Maximise Performance with Your CrossFit Grips: A Complete Guide

Why CrossFit Grips Matter

If you're doing pull-ups, muscle-ups, or toes to bar, your hands take a beating. That’s why CrossFit grips are essential. They protect your hands, reduce fatigue, and give you more time on the rig. But to unlock their full potential, you need to know how to use them properly.

In this guide, we’ll show you how to maximise performance, build grip strength, and choose the best grips for your CrossFit training.

1. Use the Correct Grip Technique

Grips are more than just protection — they’re a performance enhancer.
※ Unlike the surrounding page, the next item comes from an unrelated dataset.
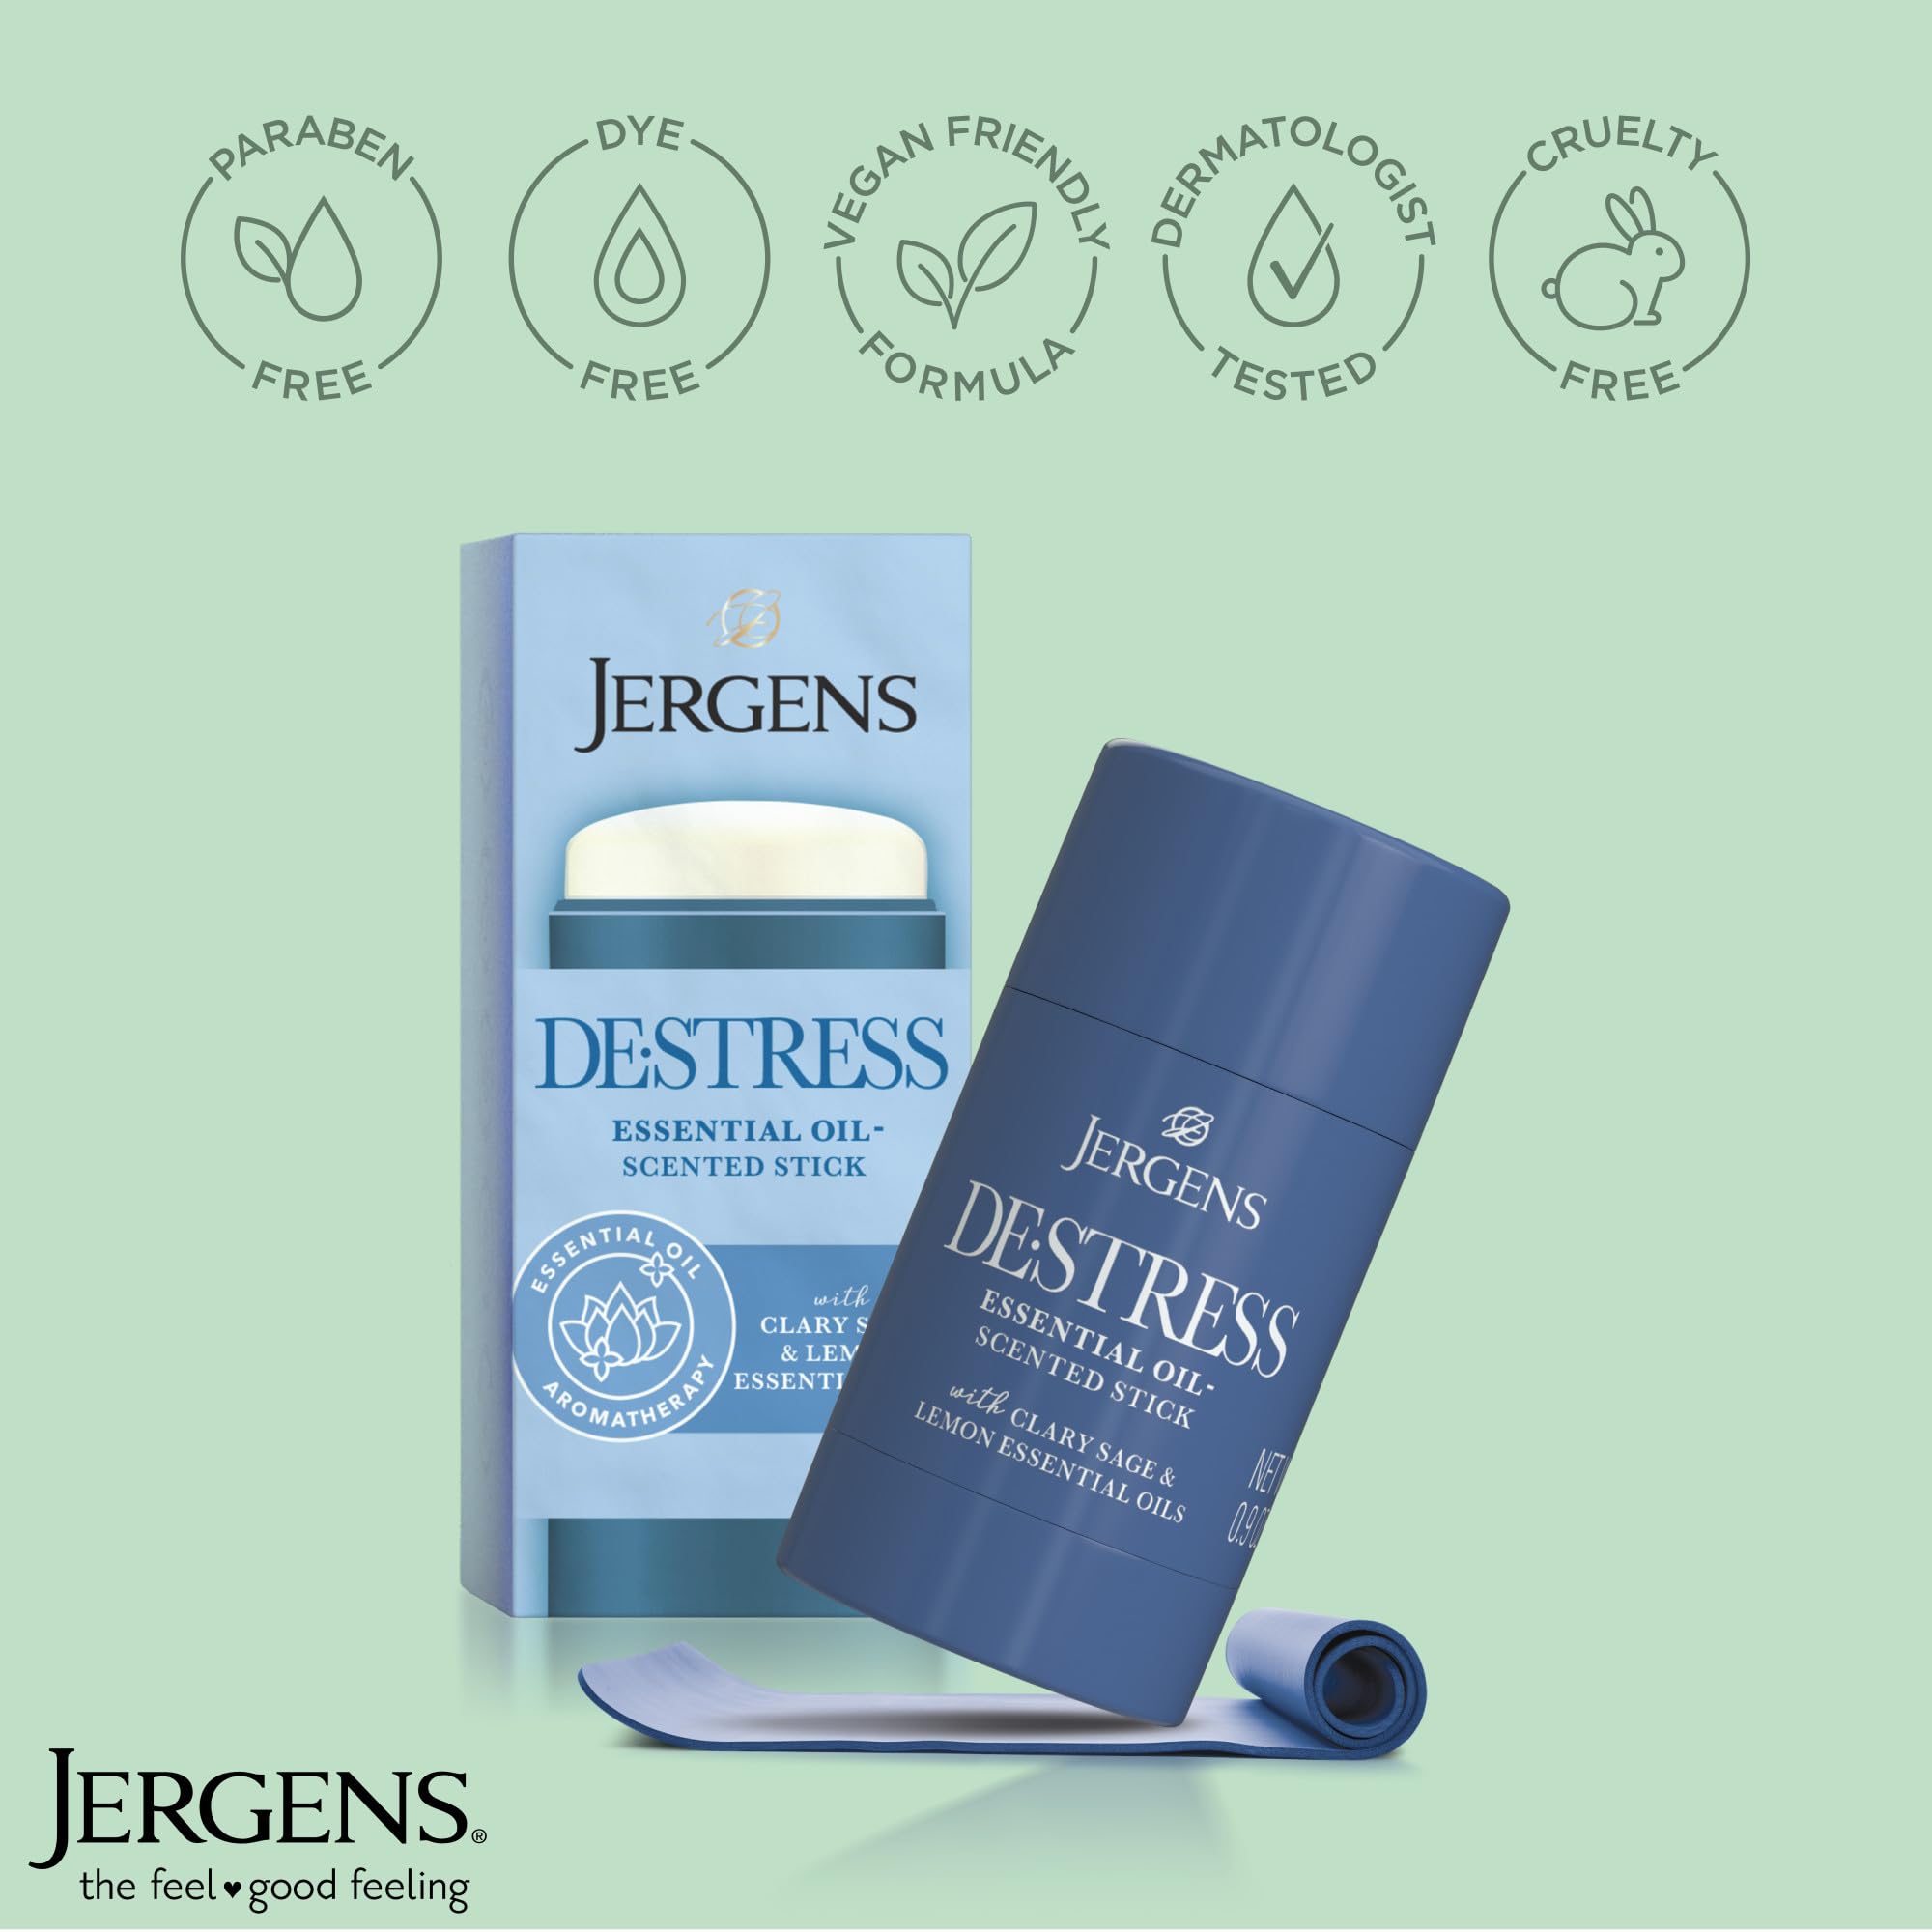 Jergens De-Stress Essential Oil-Scented Stick, Aromatherapy Stick with Lemon and Clary Sage Essential Oils, 0.9 Oz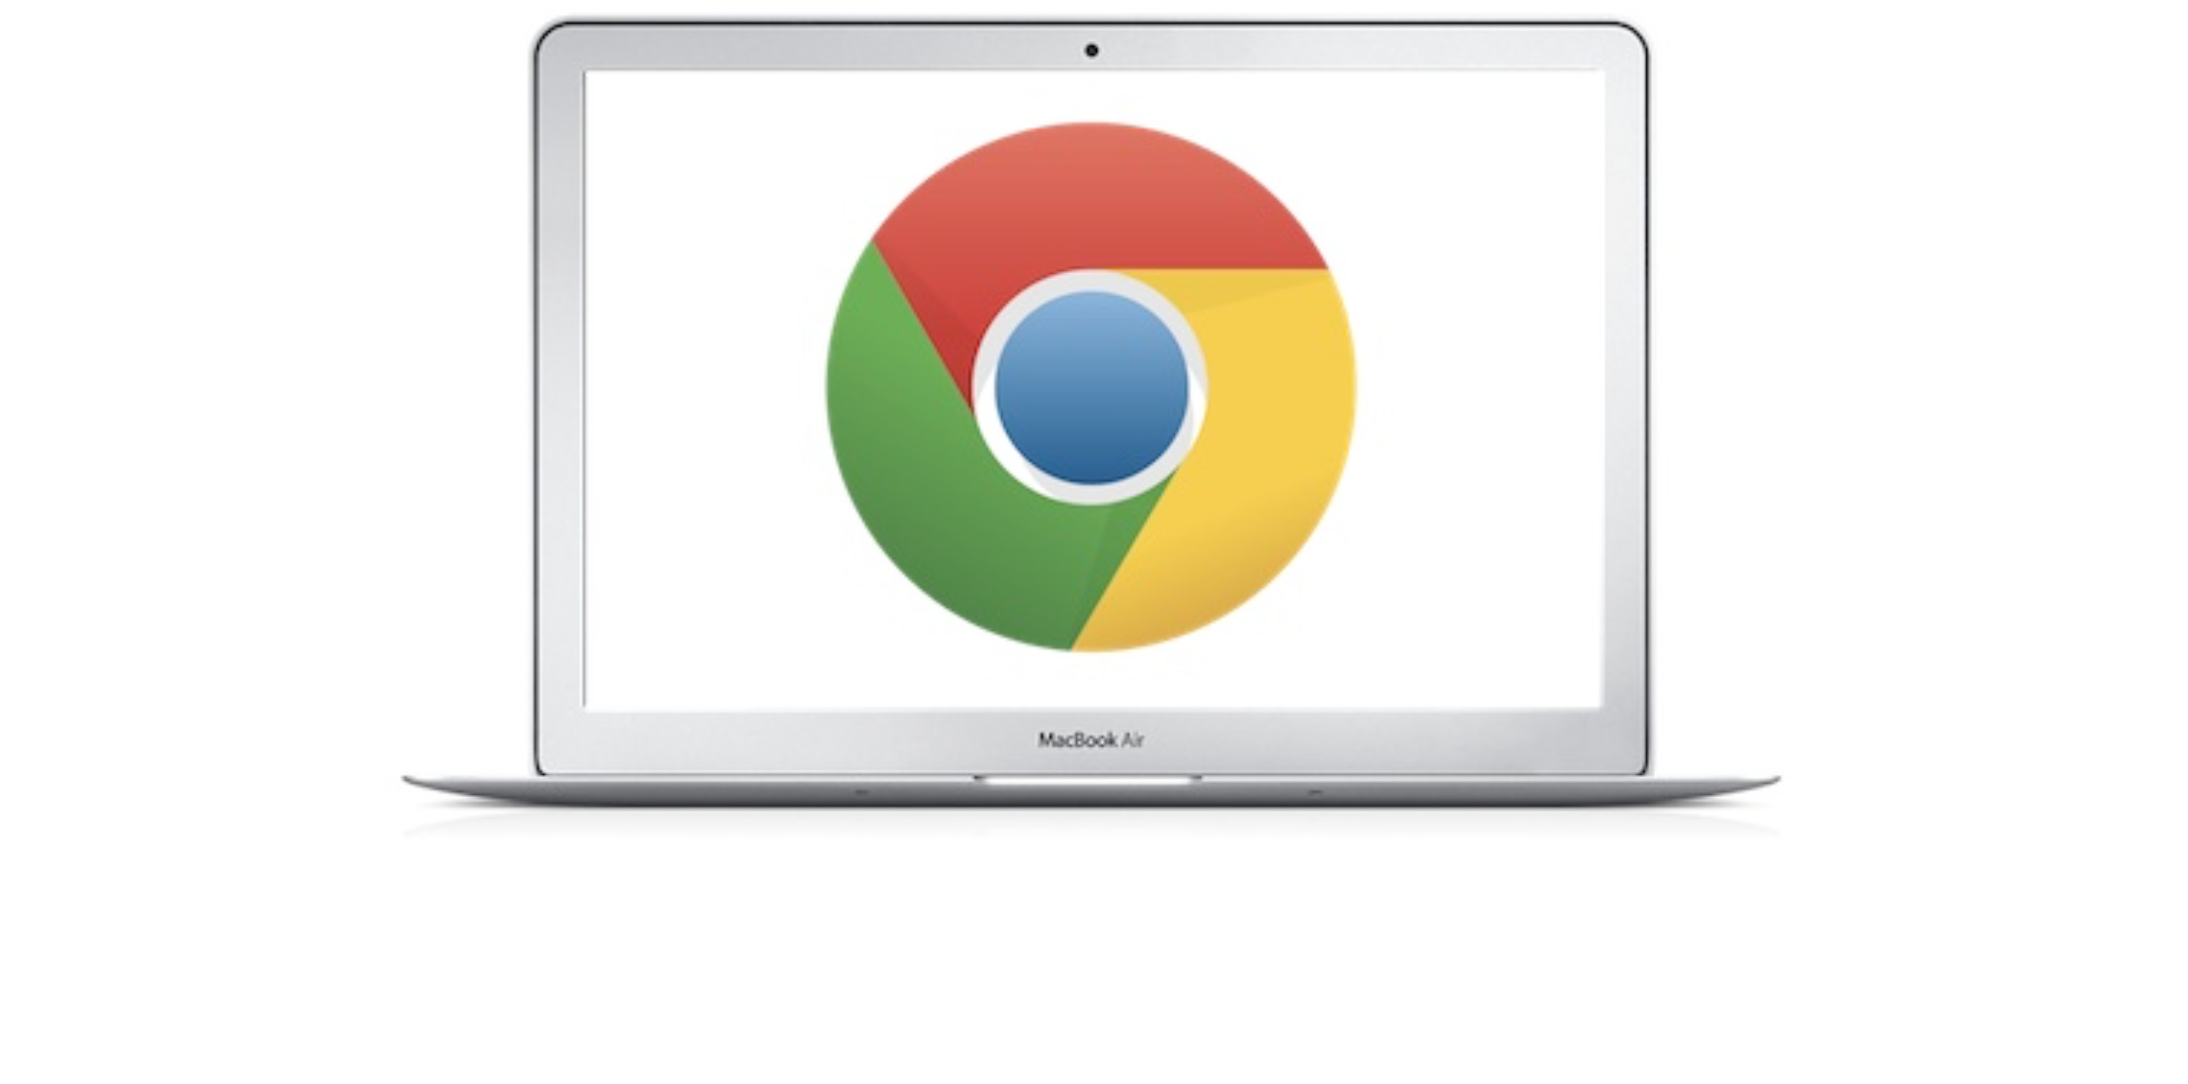 Google Chrome 114.0.5735.134 for iphone download

Here’s how to use them properly:

  • Let the grips take the load: Keep the material over the bar to create a hook. This reduces strain on your forearms and helps you last longer in workouts.
  • Avoid over-gripping: Trust the grip to hold your weight. Over-gripping leads to fatigue and blisters.
  • Choose the right grip for your setup:
    • UltraGrip+ V2 – Best grips for smooth or shiny bars
    • HyperGrip+ V2 – Ideal for rough, chalky rigs and building grip strength

Quick tip: Not sure which to choose? Start with UltraGrip+ V2 for all-around performance, and add HyperGrip+ V2 when you're ready to level up.

2. Improve Grip Strength Outside the Rig

Even with the best CrossFit grips, your grip strength needs direct attention:

  • Add farmer’s carries, dead hangs, and barbell holds into your weekly training
  • Occasionally train without grips to condition your hands and boost raw grip capacity

This combo of training with and without grips builds stronger, more resilient hands.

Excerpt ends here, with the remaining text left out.